For further information please contact:
David W. Brace
Chief Executive Officer
Tel: (416) 367-0369
Chief Financial Officer
Tel: (519) 337-5302
Disclaimer Relating to Forward-Looking Information
This news release contains forward-looking statements that are based on the belief of management and reflect Karmin’s current expectations. Forward-looking statements include, but are not limited to, possible events and statements. The words “plans,” “expects,” “is expected,” “scheduled,” “estimates,” “forecasts,” “projects,” “intends,” anticipates,” or “believes,” or variations of such words and phrases or statements that certain actions, events or results “may,” “could,” “would,” “might,” or “will be taken,” “occur,” and similar expressions identify forward-looking statements. The forward-looking statements and information in this press release include, but are not limited to, information relating to the business plans of Karmin and the closing of the Offering. Such statements and information reflect the current view of Karmin with respect to risks and uncertainties that may cause actual results to differ materially from those contemplated in those forward-looking statements and information. The forward-looking statements contained in this news release are made as of the date of this news release.
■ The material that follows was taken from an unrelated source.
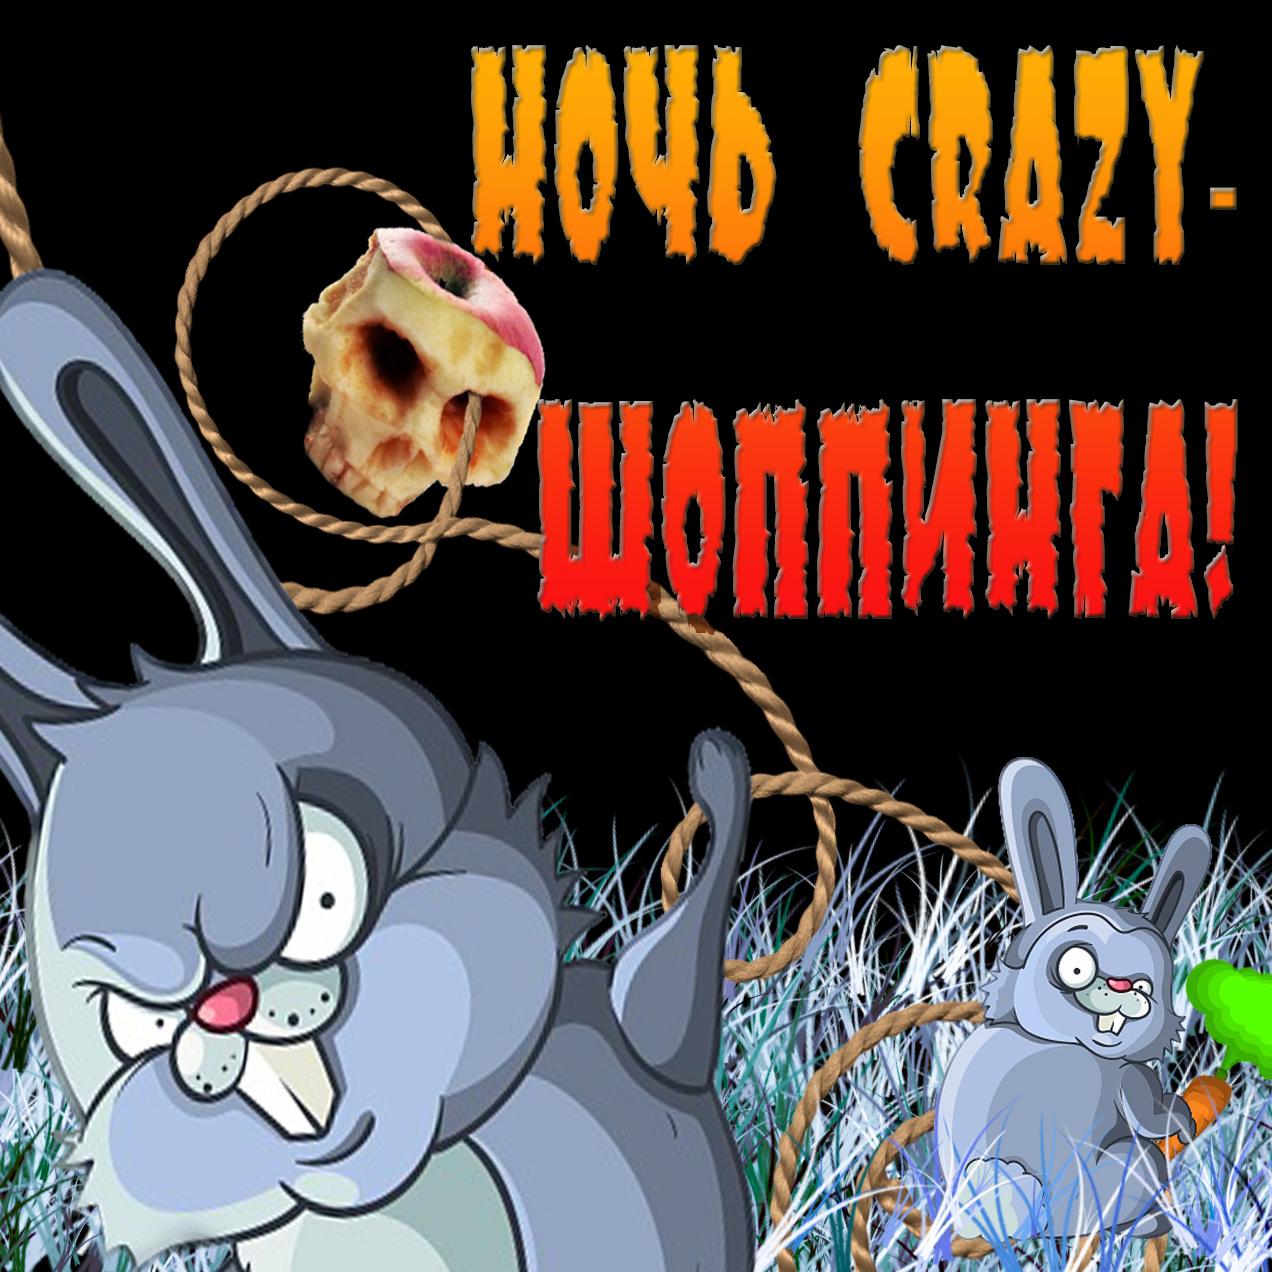 ���� CRAZY-��������!!! �� ��������!

Readers should not place undue importance on forward-looking information and should not rely upon this information as of any other date. Except as required by law, Karmin disclaims any intention and assumes no obligation to update or revise any forward-looking statements, whether as a result of new information, future events or otherwise. Additionally, Karmin undertakes no obligation to comment on the expectations of, or statements made by, third parties in respect of the matters discussed above.
The TSX Venture Exchange has not reviewed and does not accept responsibility for the adequacy or accuracy of this news release.